The fact that has hit me the past couple weeks, however, is that I can't articulate any dreams or aspirations. Aside from developing self-worth with a hope to end up liking myself, I don't have any goals that I would label with that word.
For years, I was able to perform my "dream job" as an event planning coordinator... but my career path was altered for income needs. As I evolve in my abilities and talents, I am completely clueless as to what is next, if anything, when it comes to my employment. Most of my jobs have just, sort of, happened. In fact, most things in my life have just happened when I had the least expectations. I haven't had those experiences of "going for it" and landing a dream gig or a perfect home. My favorite roles, either took years to work out or were just incredibly difficult to finally happen. Others that I yearned for just never panned out.

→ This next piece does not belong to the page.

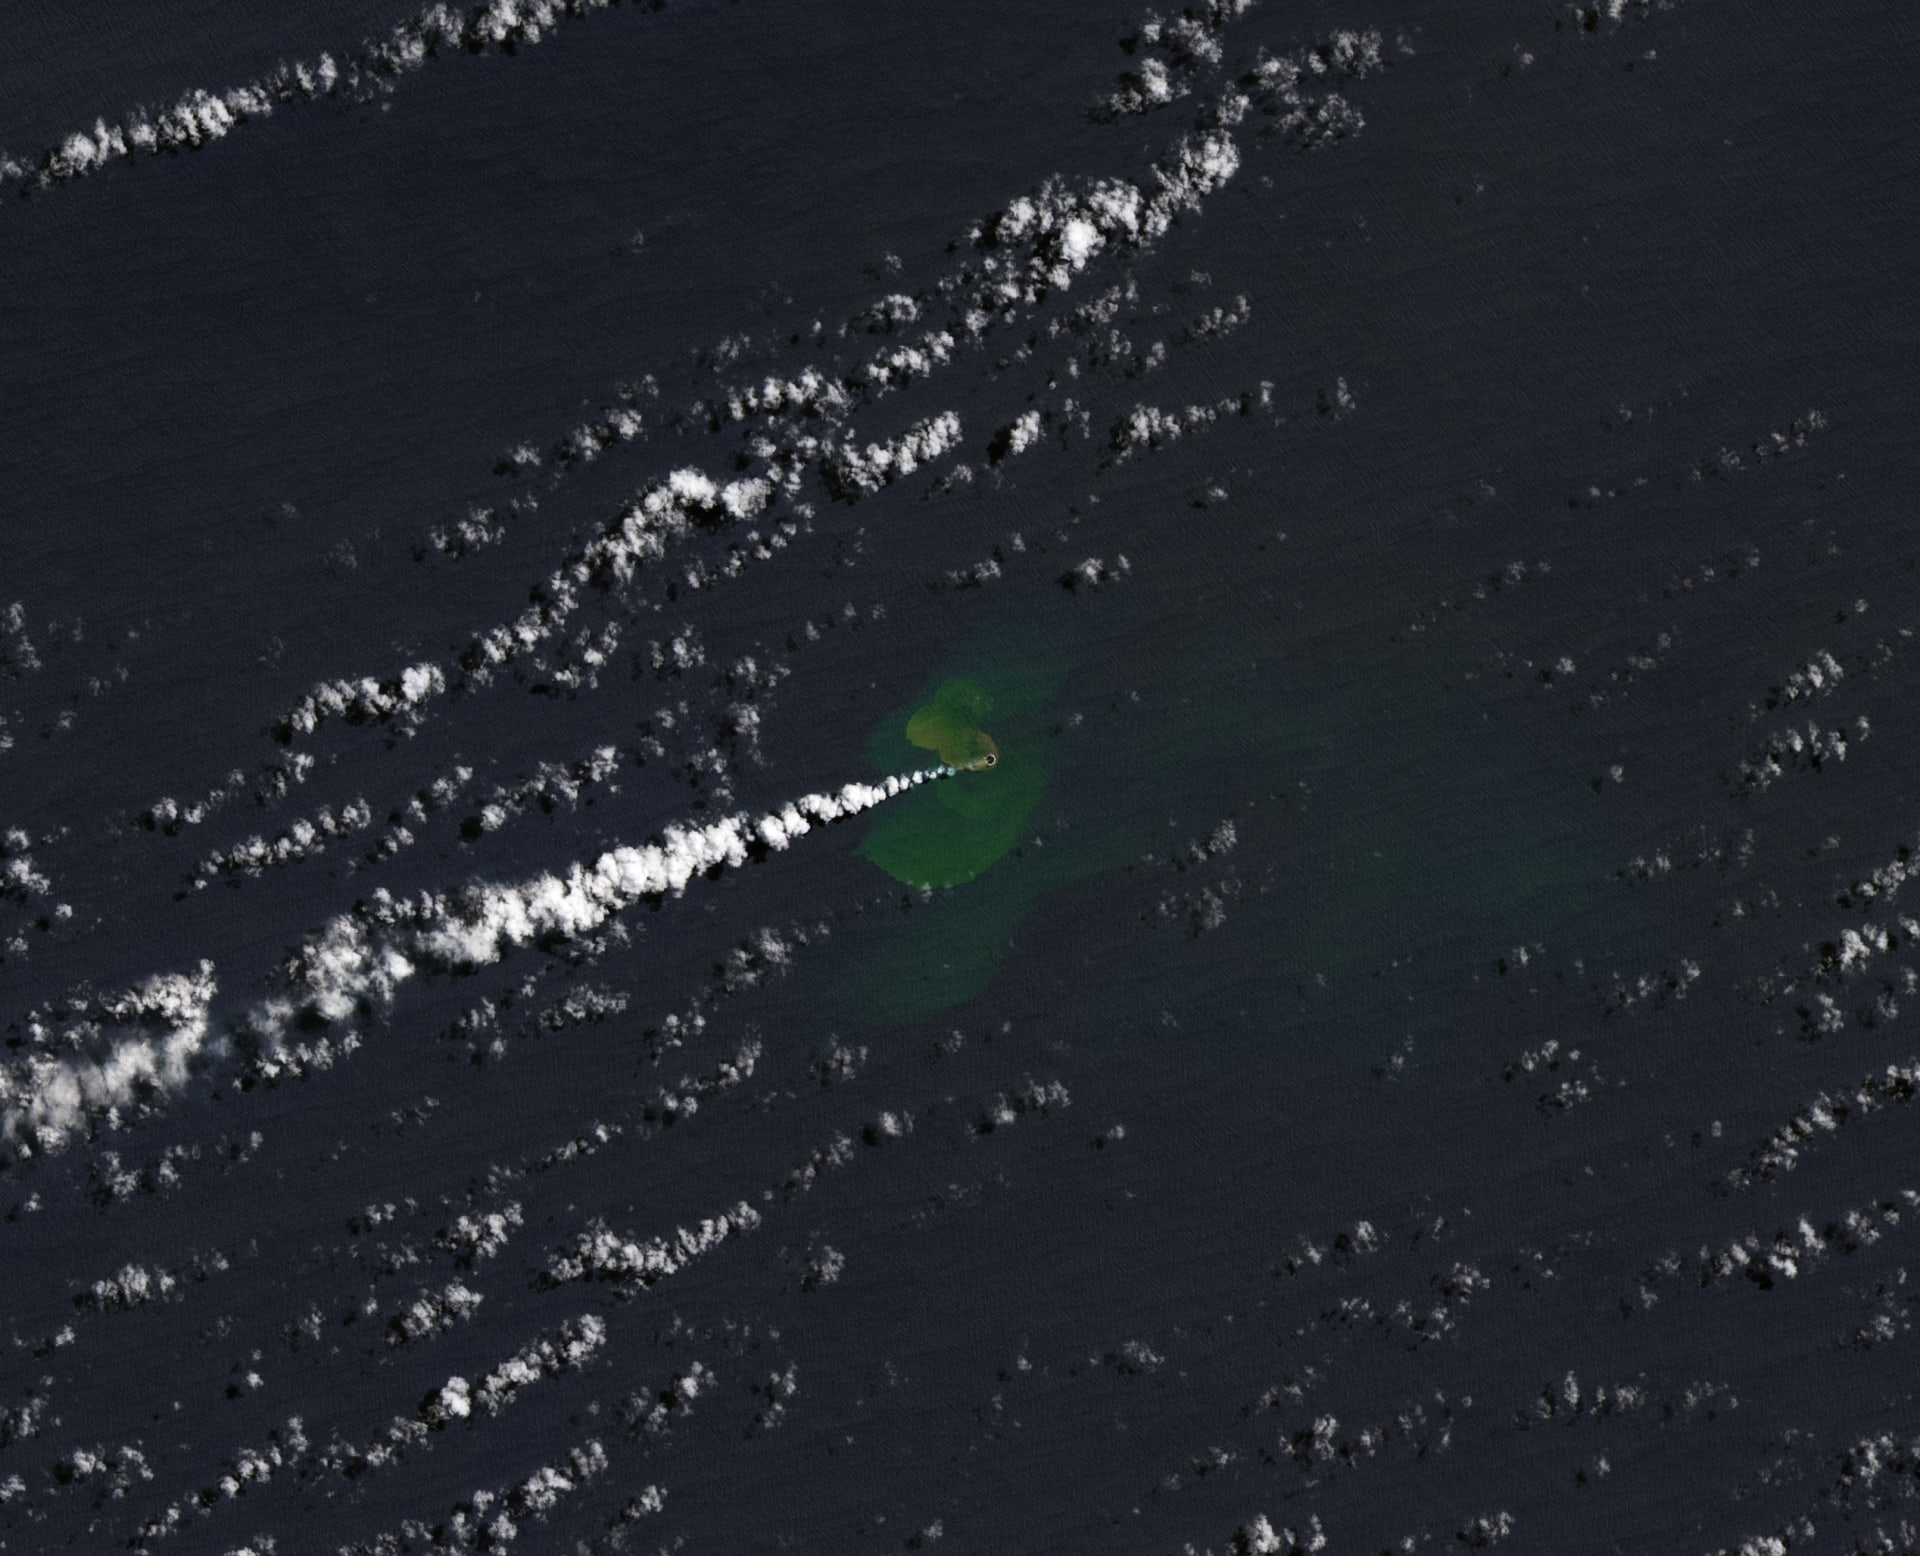 جزيرة جديدة تظهر في المحيط الهادئ بعد ثوران بركان تحت الماء
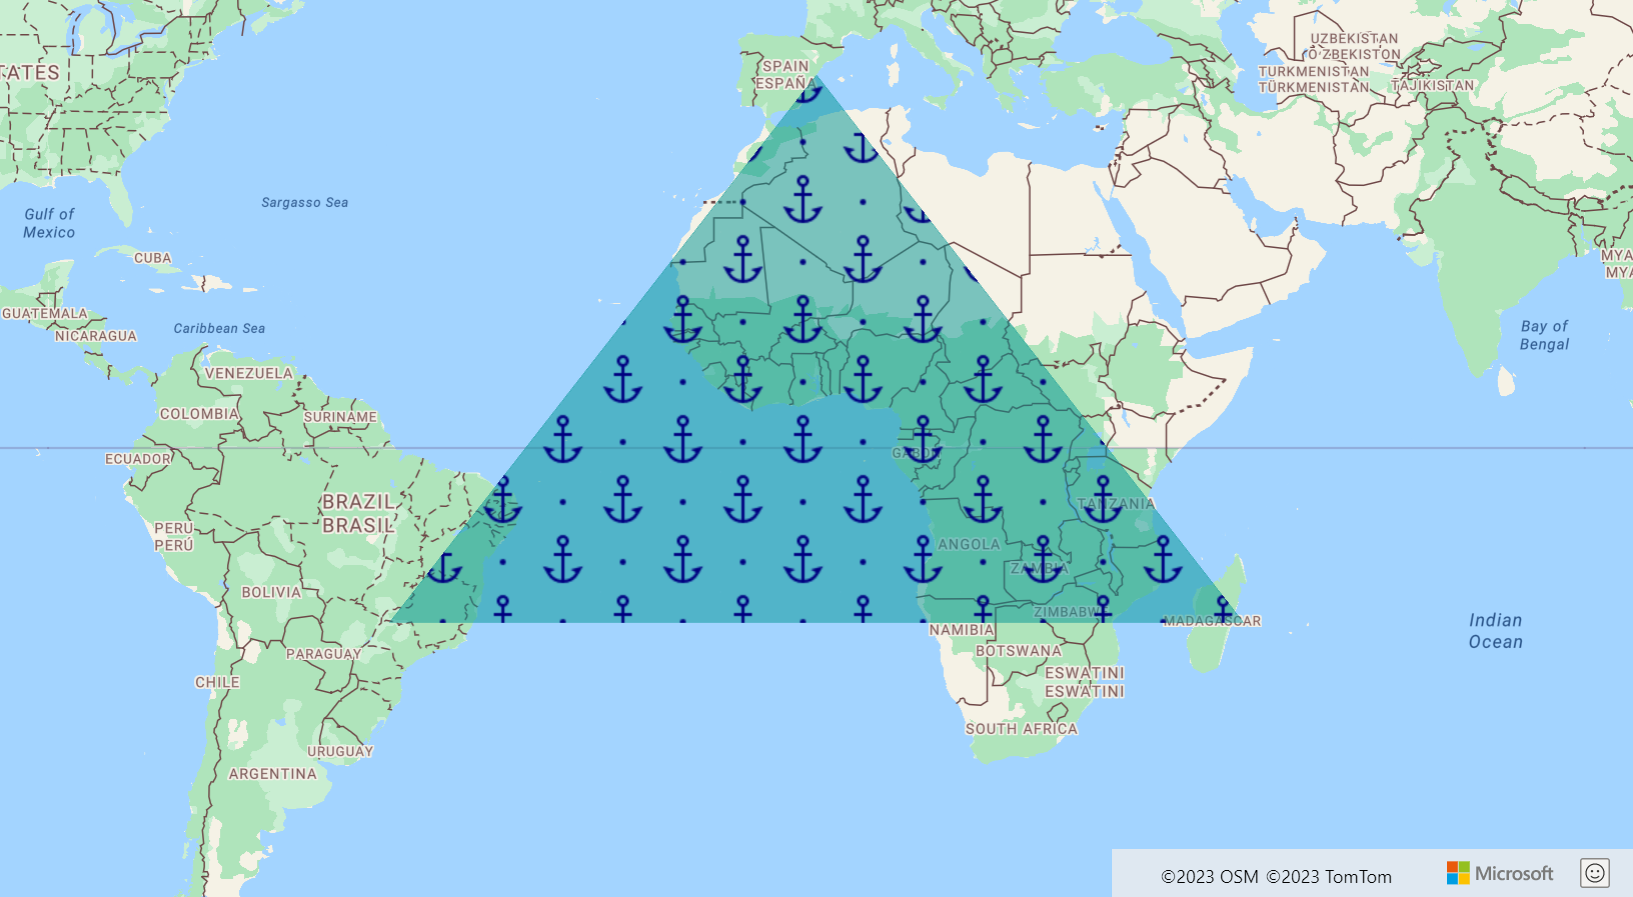 لقطة شاشة تعرض خريطة تعرض طبقة مضلع في شكل مثلث أخضر كبير مع صور متعددة للارتساءات الزرقاء بداخلها.

Establishing new steps the past few years has become holistic for me. I have had to put myself out there, but not get my hopes up and be quite autonomous about the outcomes of job applications, interviews and places to live. Throughout it all, I would remind myself not to become excited at the possibilities because of the chances of being selected are always unknown.
Yet, I feel I need - and should - have a drive to accomplish more than "figuring myself out" or "finding out who I am." I do understand though, that what I am doing IS an incredible challenge. It is continuing to be a big commitment to keep at it.
Sometimes I am excited, while others, I just feel lost and powerless. Which, I guess, is life. "When nothing is certain, anything is possible." I just need to establish a few fluid goals and perhaps my "dream" will show itself when it's time.